37 . The process of claim 22 , wherein the solvent composed by aqueous solvent of step a1.1 and organic solvent of step a1.3 having Hildebrand solubility of 38 (MPa) 0.5 , and wherein the solvent is a mixture of acetone and buffer solution with pH=4, and the pancreatin in step a1.1 is in concentration of 0.1 g/mL.
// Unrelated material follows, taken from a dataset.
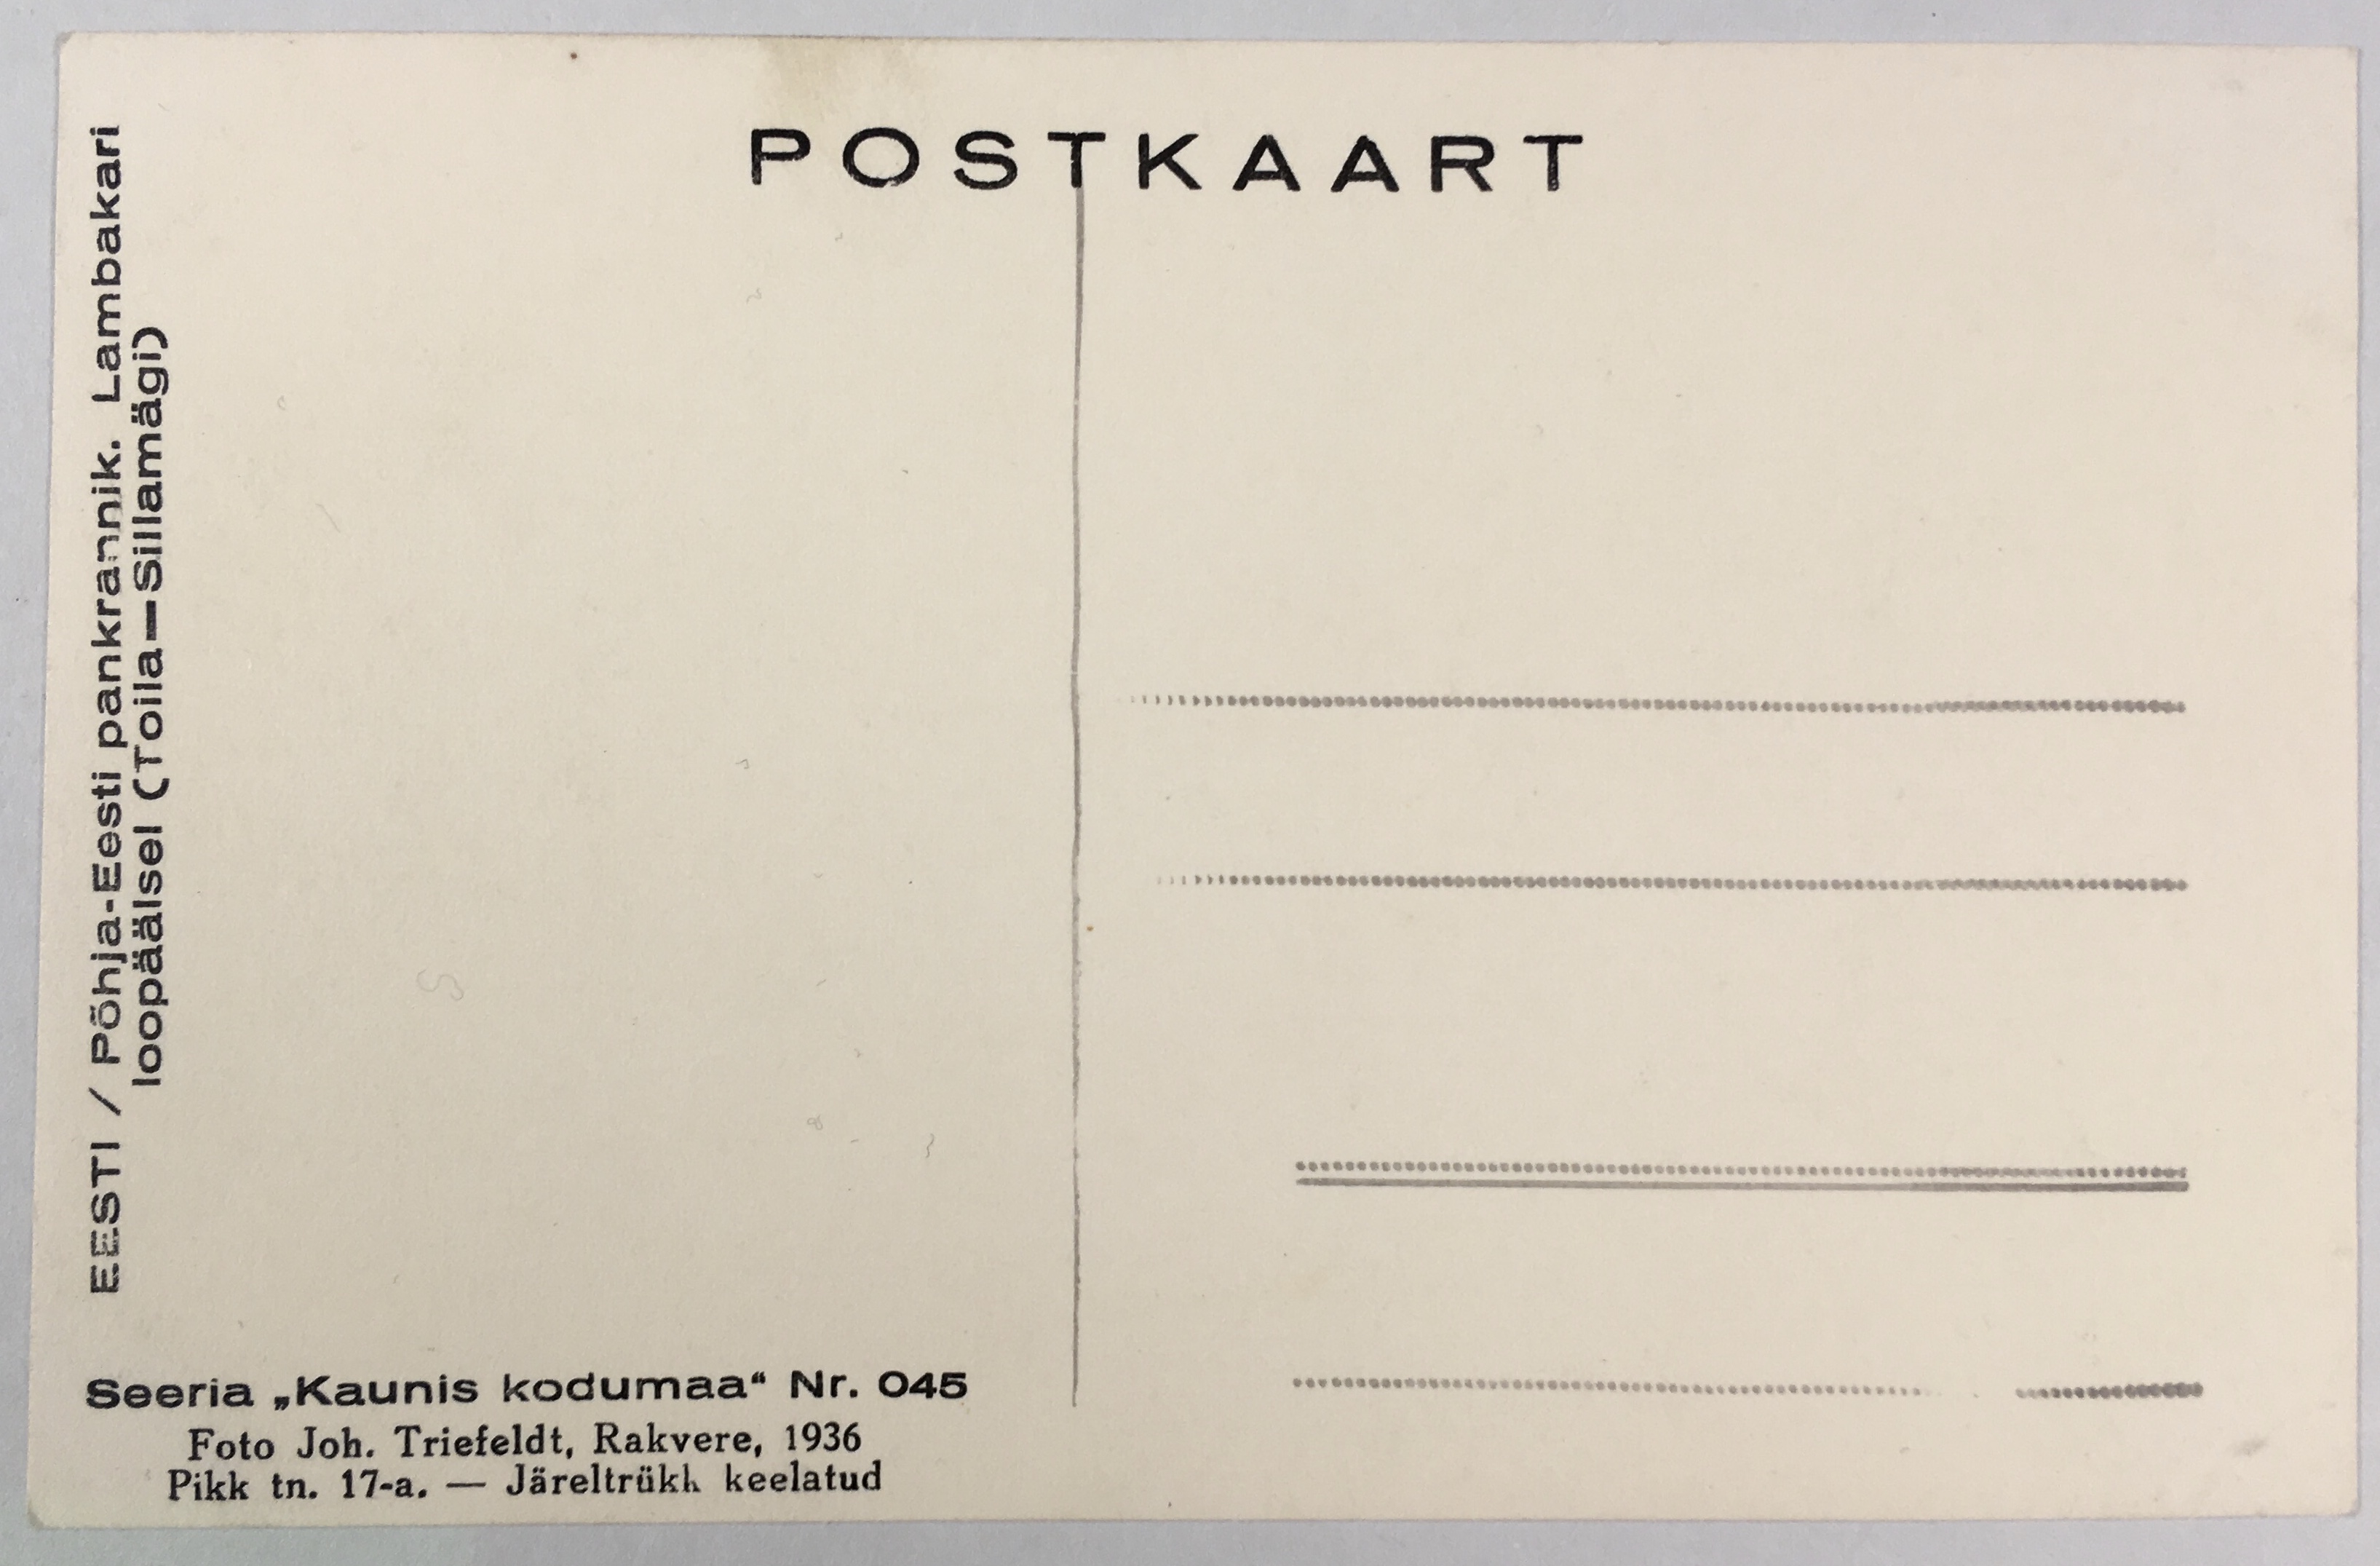 Fotopostkaart sarjast "Kaunis kodumaa" Nr. 045 (tagakülg) - Foto: Carl Sarap (1893-1942)

38 . The process of claim 22 , wherein the solvent composed by aqueous solvent of step a1.1 and organic solvent of step a1.3 having Hildebrand solubility of 38 (MPa) 0.5 , and wherein the solvent is a mixture of ethanol and buffer solution with pH=4, and the pancreatin in step a1.1 is in concentration of about 0.1 g/mL.
39 . The process of claim 22 , wherein the solvent composed by aqueous solvent of step a1.1 and organic solvent of step a1.3 having Hildebrand solubility of 38 (MPa) 0.5 , and wherein the solvent is a mixture of acetone and buffer solution with pH=7, and the pancreatin in step a1.1 is in concentration of about 0.3 g/mL.
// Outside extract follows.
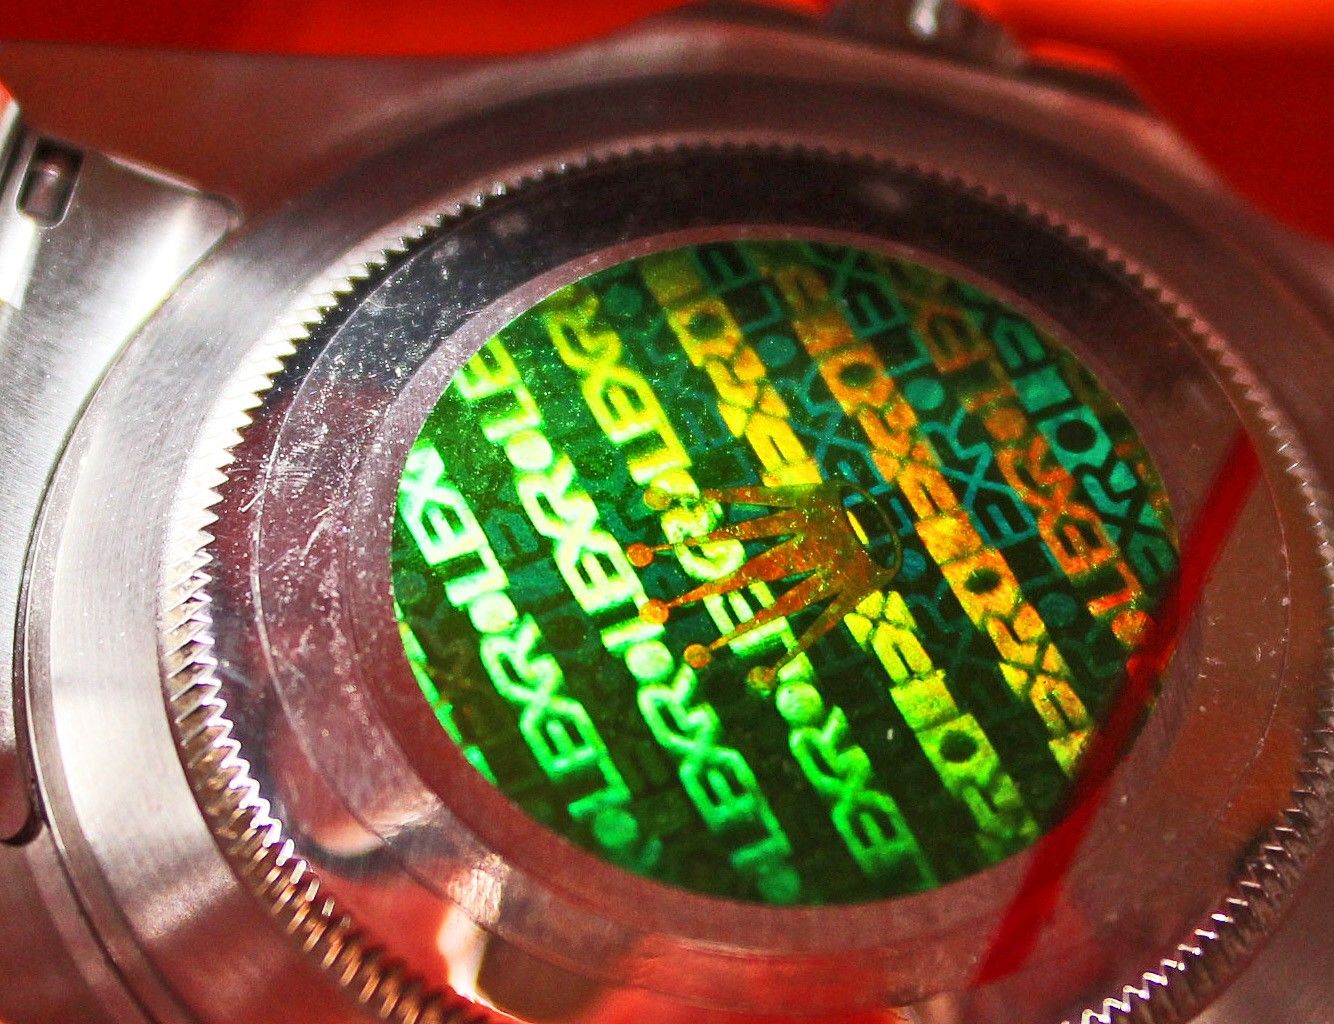 Rolex Hologramme Sticker vert 20mm Submariner, GMT, Explorer, Daytona 16610, 116520, 16710, 16700, 16760, 16570, 114270, 14060M

40 . The process of claim 22 , wherein the solvent composed by aqueous solvent of step a1.1 and organic solvent of step a1.3 having Hildebrand solubility of 38 (MPa) 0.5 , and wherein the solvent is a mixture of acetone and buffer solution with pH=4, and the pancreatin in step a1.1 is in concentration of about 0.3 g/mL.
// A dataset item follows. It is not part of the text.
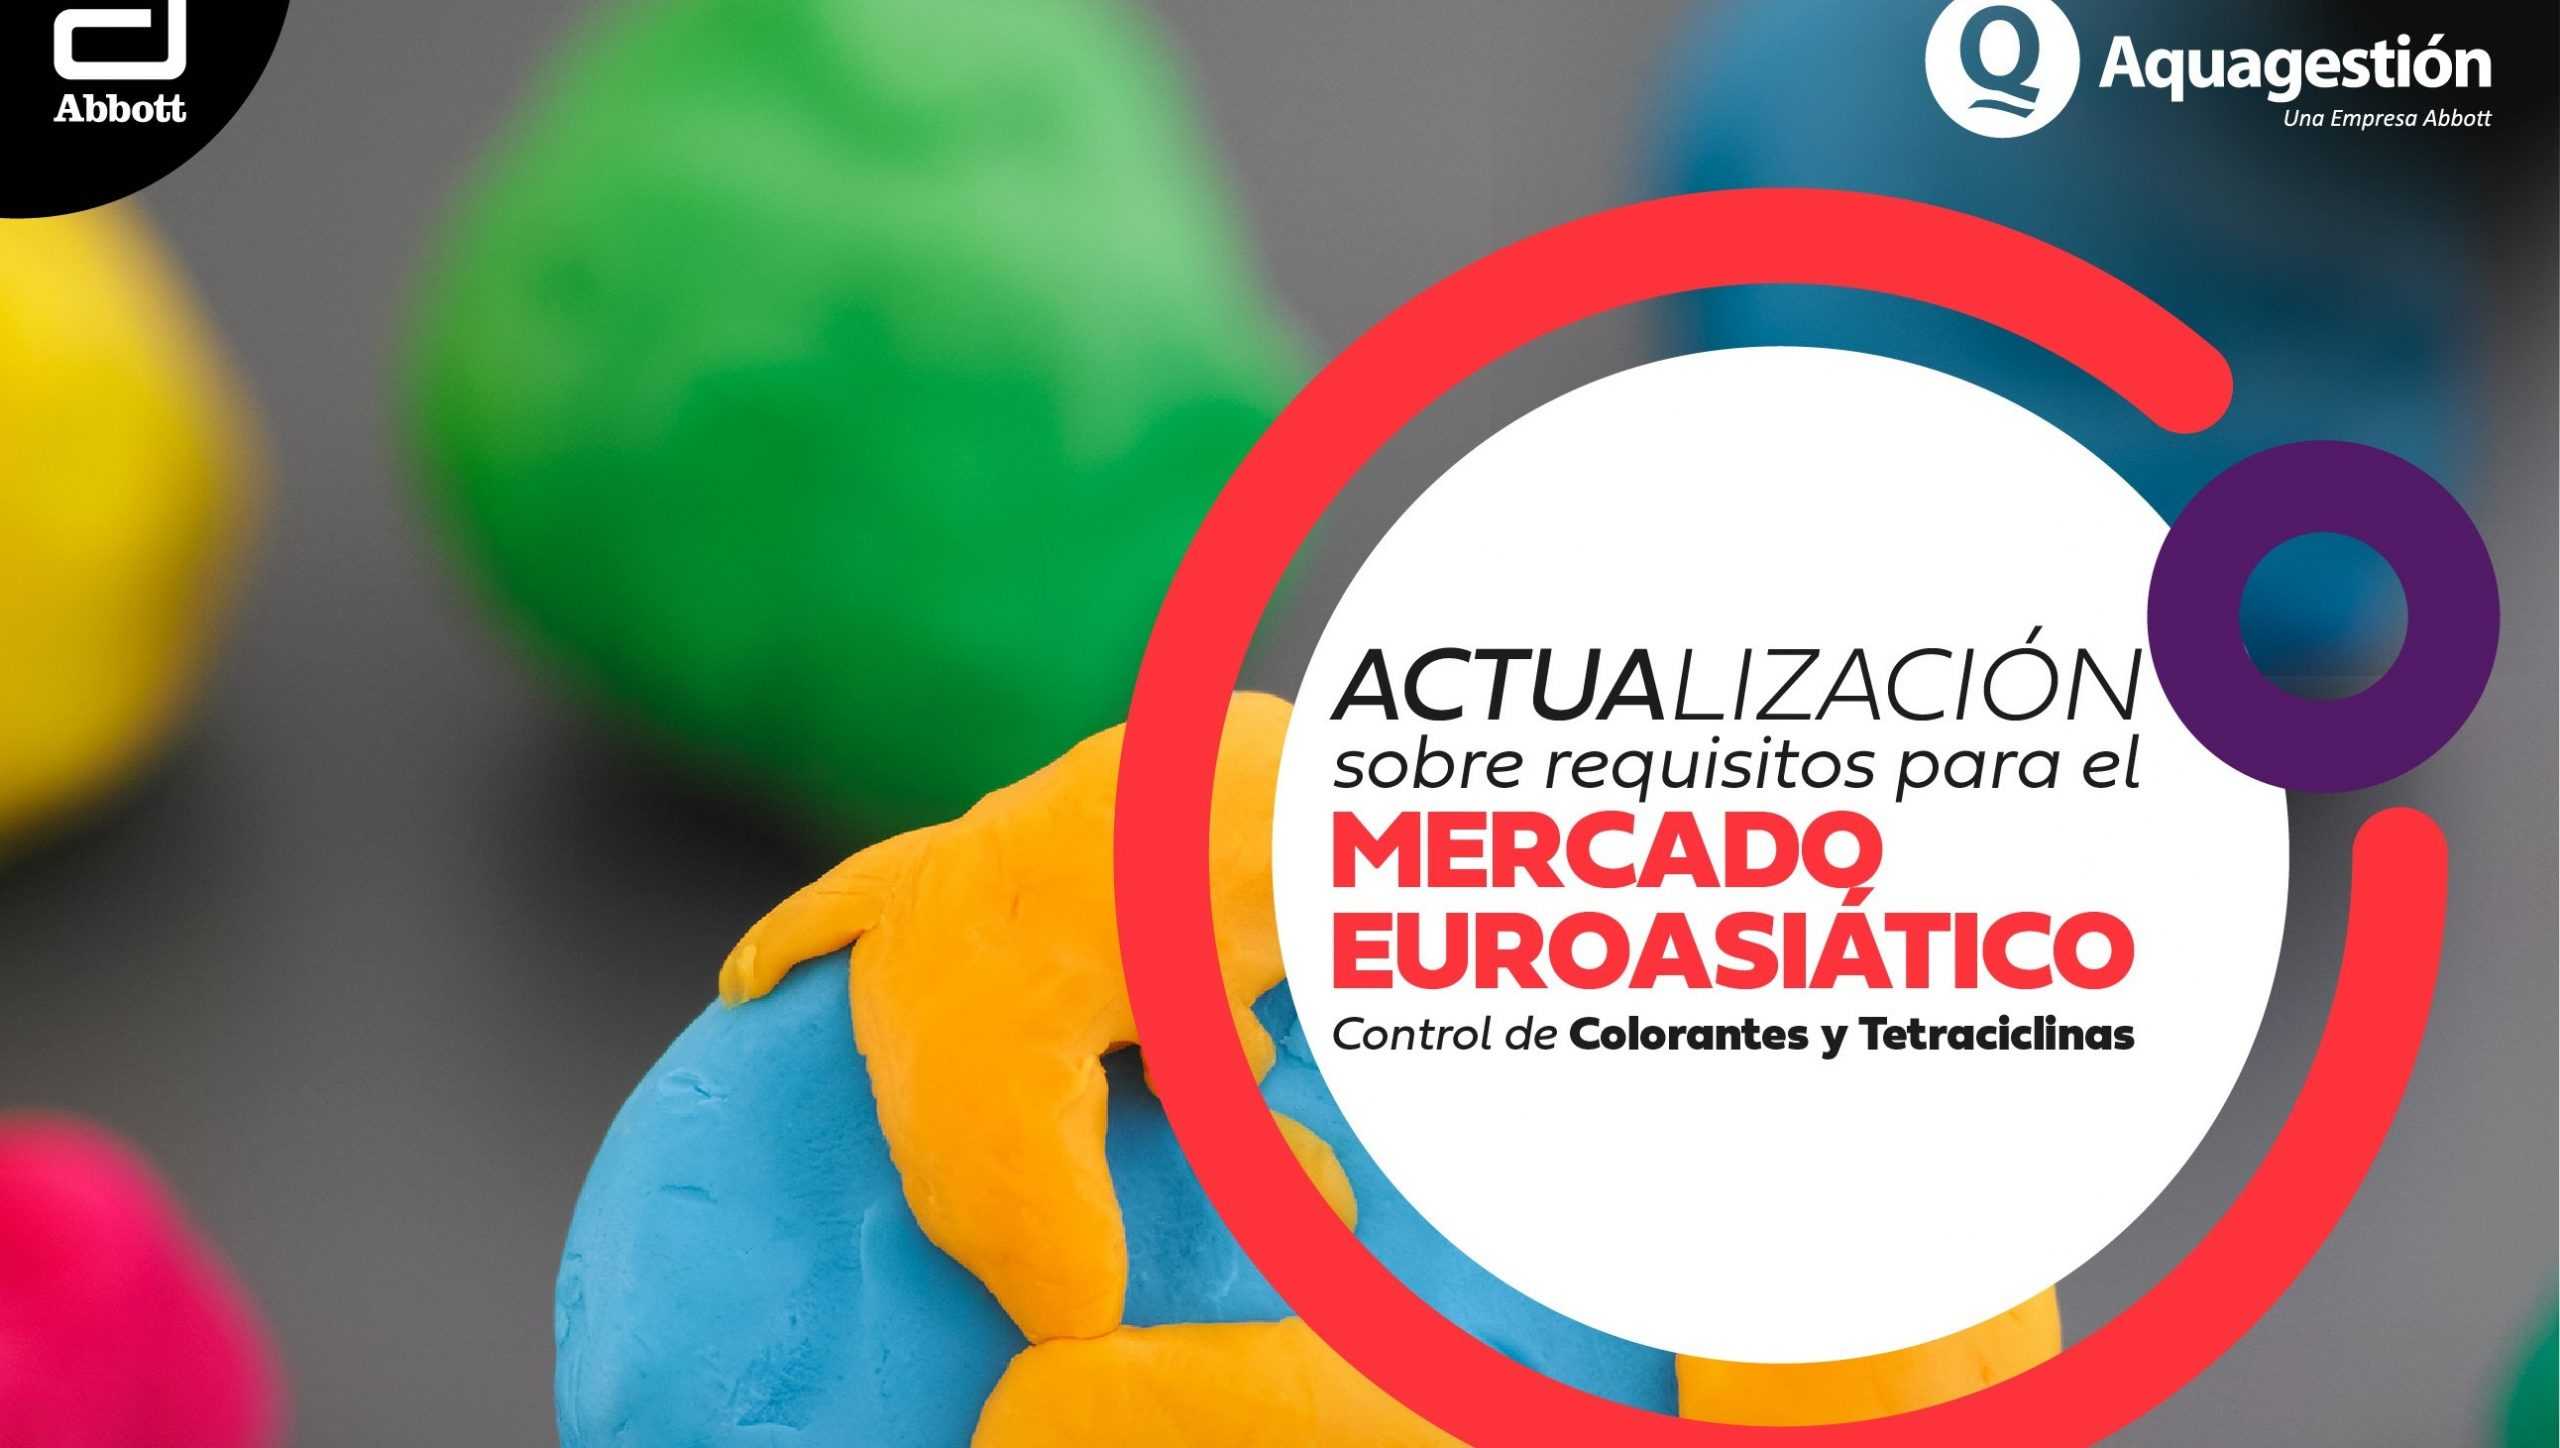 Aquagestión realizará workshop sobre nuevos requisitos normativos para el mercado euroasiático

41 . The process of claim 22 , wherein the solvent composed by aqueous solvent of step a1.1 and organic solvent of step a1.3 having Hildebrand solubility of 38 (MPa) 0.5 , and wherein the solvent is a mixture of ethanol and buffer solution with pH=4, and the pancreatin in step a1.1 is in concentration of about 0.3 g/mL.
42 . The process of claim 22 , wherein the solvent of step a1.1 having Hildebrand solubility parameter of 38 (MPa) 0.5 and it is a mixture of acetone and buffer solution with pH=7 and the pancreatin in step a1.1 is in concentration of about 0.1 g/mL.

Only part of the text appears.